Yeah, yeah, I was gonna say.
I mean, because you've done a lot of work and you are highly intuitive, I would say, And I feel
this way as well too. I mean, I'm still on my journey too, and my intuition is when it comes to love, my intuition is fucked up okay, period, Like it's usually on spot on and then at some point I either sex confuses me or well, that's why I'm really going deeper with this relationship with my father, because there's there's a confusion that that's happening there for me, that's unresolved, that gets really messy and cloudy for me when as it pertains to like masculine energy.
God, I mean, just to sit there for a second, that is so real for all of us in such a multitude of ways, Like even things that we say as like a joke, like one of my homies and I we always say, like Dolores Tucker was right this whole time.
Who the fuck is Dolores Tucker?
Do you remember, like when when rap was really taking over in nw A, she was, I believe a congresswoman or an assembly woman and she was trying to get censorship and banning on the music. But the misogyny always has the best beats, Like she was like fire, you know,
so everybody was fighting against it. But let's really think about the effects of growing up as young women and hearing some of the music that we heard, and that shaping our understanding of sex, shaping especially if as many many people, it's very rare experience to come from a fully quote unquote healthy home. You know, we're picking up
ways of being from everything around us. So it's like it's plowing through the individual curriculum you have with your father and what you both decided you'd work through together this lifetime and every man we dated up until this point of our lives and everything that influenced us, the shows, the you know, the music, the conversations that were happening around us, Like we absorbed all of it and took it on as collective, the collective, and we took it
on as belief about ourself, about our worth. And so it's like we and that's why we have to take shame out of everything and the way that we work with things that we have to bring gentleness for ourselves and acceptance because there's so much that we didn't even give consent for that shaped our reality. You know, it's like this very slow, so slow on learning and dismantling and then like pulling in our own truth that we come to.
Before we started recording, you touched on a term that I've heard before, but I don't. I'd like to hear what your definition of it is, and it's sacred rage.

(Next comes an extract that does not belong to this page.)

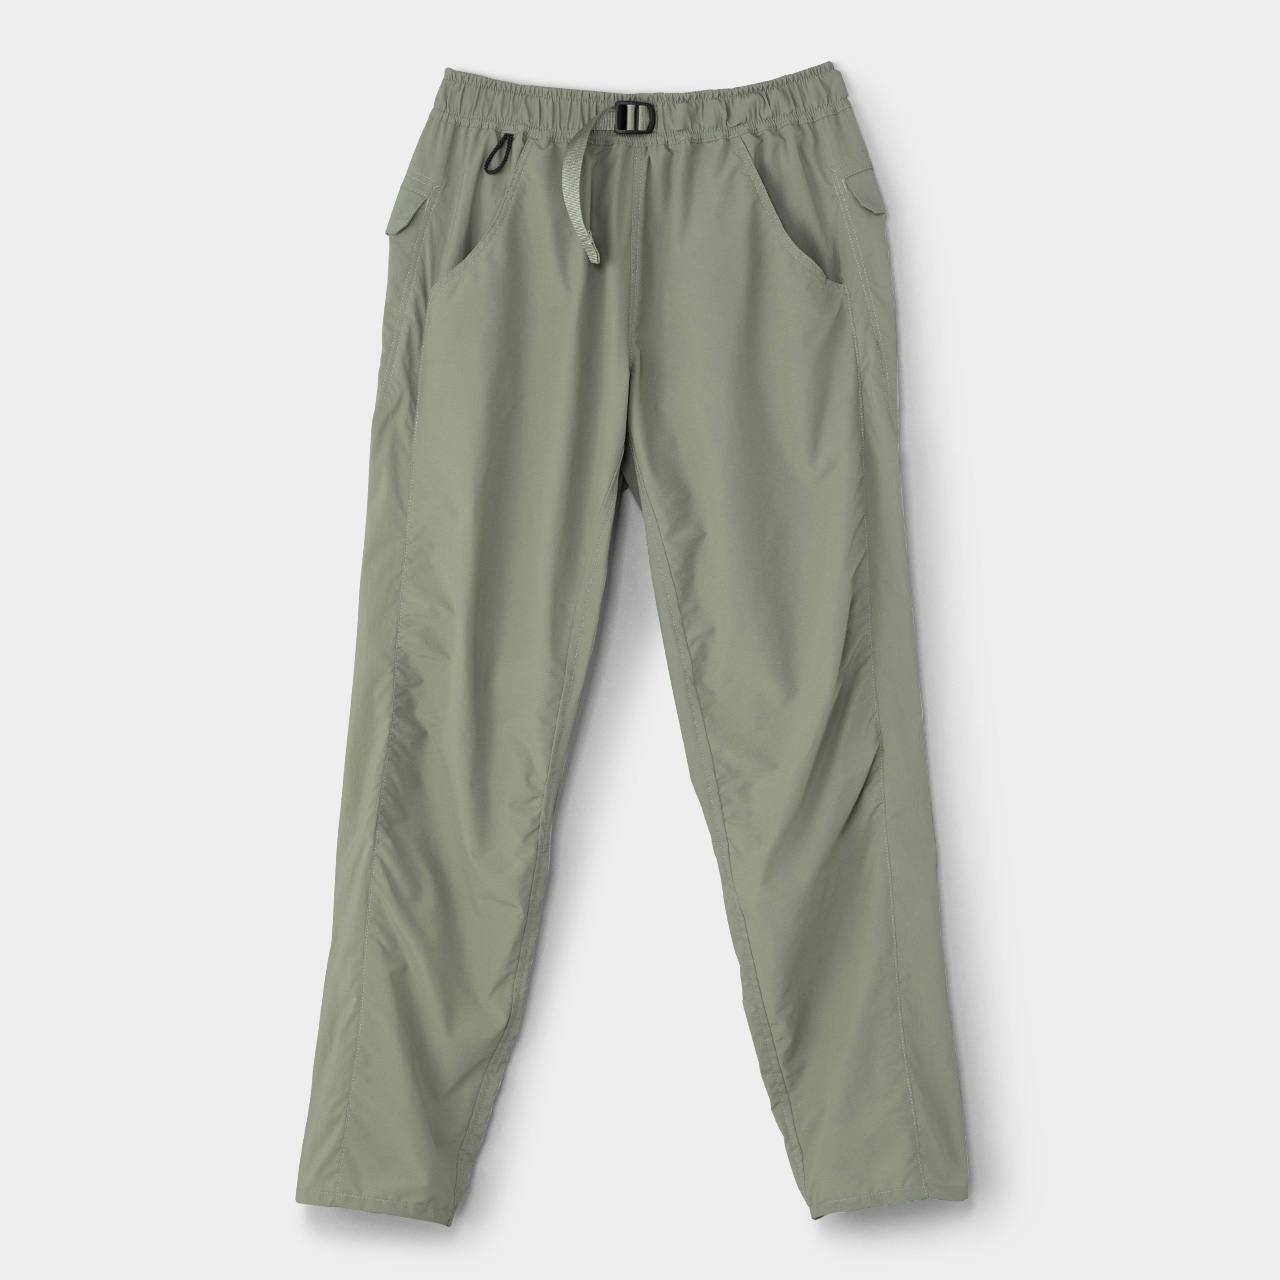 DW 5-Pocket Pants -Men<br>For Sale Apr 24, 18:00 JST<br>Restocked on Online Shop<br>Well-Balanced Long Pants

Because rage is something that I have been battling with for the last i'd say six months, and there's been parts of my rage that have come up where I'm like, WHOA, I didn't know I could like get that mad, or I didn't know I could get this angry, or I could feel like, I don't know if this is sacred, this might just be toxic rage, or I literally like I don't really give a fuck about how it affects
anyone else. I'm upset and everyone is going to feel this rage like that's and like overtaking me and not like I think because I've tried to bottle it up so much, Yeah, and not speak it, thinking like Okay, I'm dripping, I'm gonna let it go, and it's like that you did not let it go, and now it's just you know, so I'm just curious, like what is your what is sacred rage? Can you explain that to Tess? God?

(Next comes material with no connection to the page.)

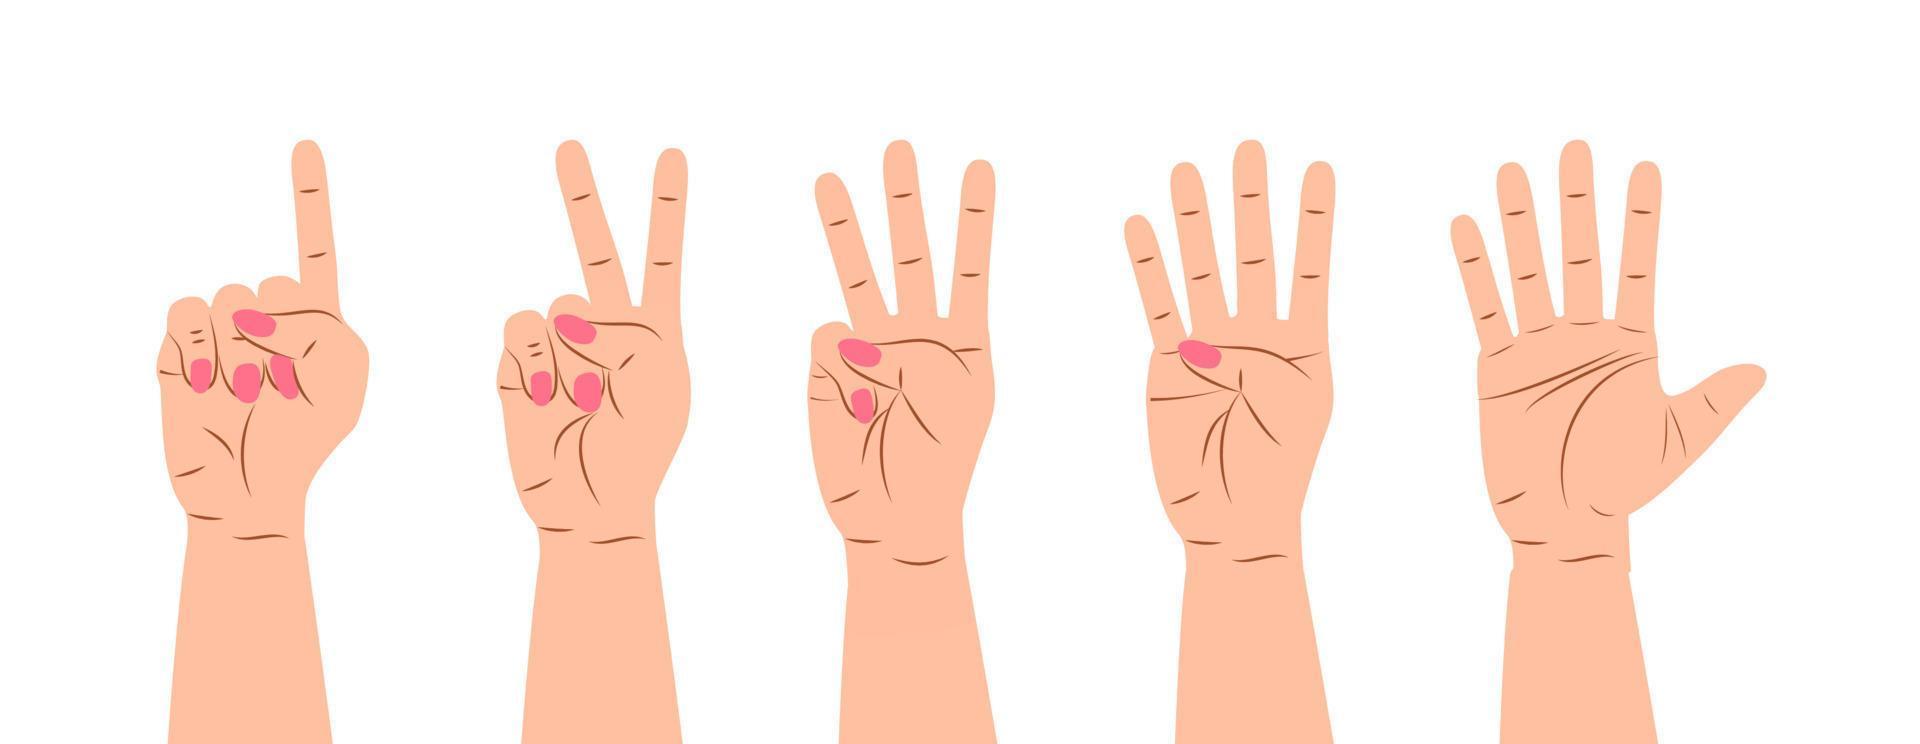 vecteur de signe de geste de la main. ensemble de compter sur les doigts. cinq icônes de poignet avec nombre de doigts en style cartoon.

Yeah, Oh, I mean, just how many of us relate to what you're saying? You know, it's like and again it's like part of those containers that were forced into as women especially you know in this country, wherever you're from, of the way you're meant to respond to pain, the way that you're meant to you know that you should
be responding to things that hurt. Sacred rage in the way that I experience it, it's a little bit more intentional than just rage, like what I was hearing in some of what you described of like, you know, it's like and I don't care what happens. And that's when we get to the point that's a little bit outside of and above that it's no longer sacred. Yeah, No, longer sacred, no longer safe, and so we have to kind of that calm and hopefully come to a place of neutrality
to work with it. But sacred rage is when you come into a space of saying that, like you deserve to be pissed, Like you have a right to be pissed, You have a right to feel your feelings. How often do we get pushed into these roles of something is done to you and then you also have to find the solution for it, a you have an experience with someone, and then you're also in charge bringing everyone into peace.
You know, it's like, yes, like so many of us, we are taught to bypass, instantaneously take ownership of and then be the parent of the situation, whatever that situation is. And you know a lot of that definitely starts in childhood, having suppressed emotions, you know, not being able to feel, not being able to have what as a child your body is designed to do, which is have a tantrum. You know, It's like as soon as even parents try.
To cut off the flo of a.
Tantrum if it's not hurting anyone, you're teaching your child to suppress, and then they're building a muscle memory for that, and we don't see how much it affects us going into adulthood. But when you just kind of metabolize the process of suppression. You may have been doing it because you didn't get your binkie, but then your body learns it, and so now you do it every time you get hurt. Now you do it when you may be violated and not know why, you just naturally quiet and suppress yourself.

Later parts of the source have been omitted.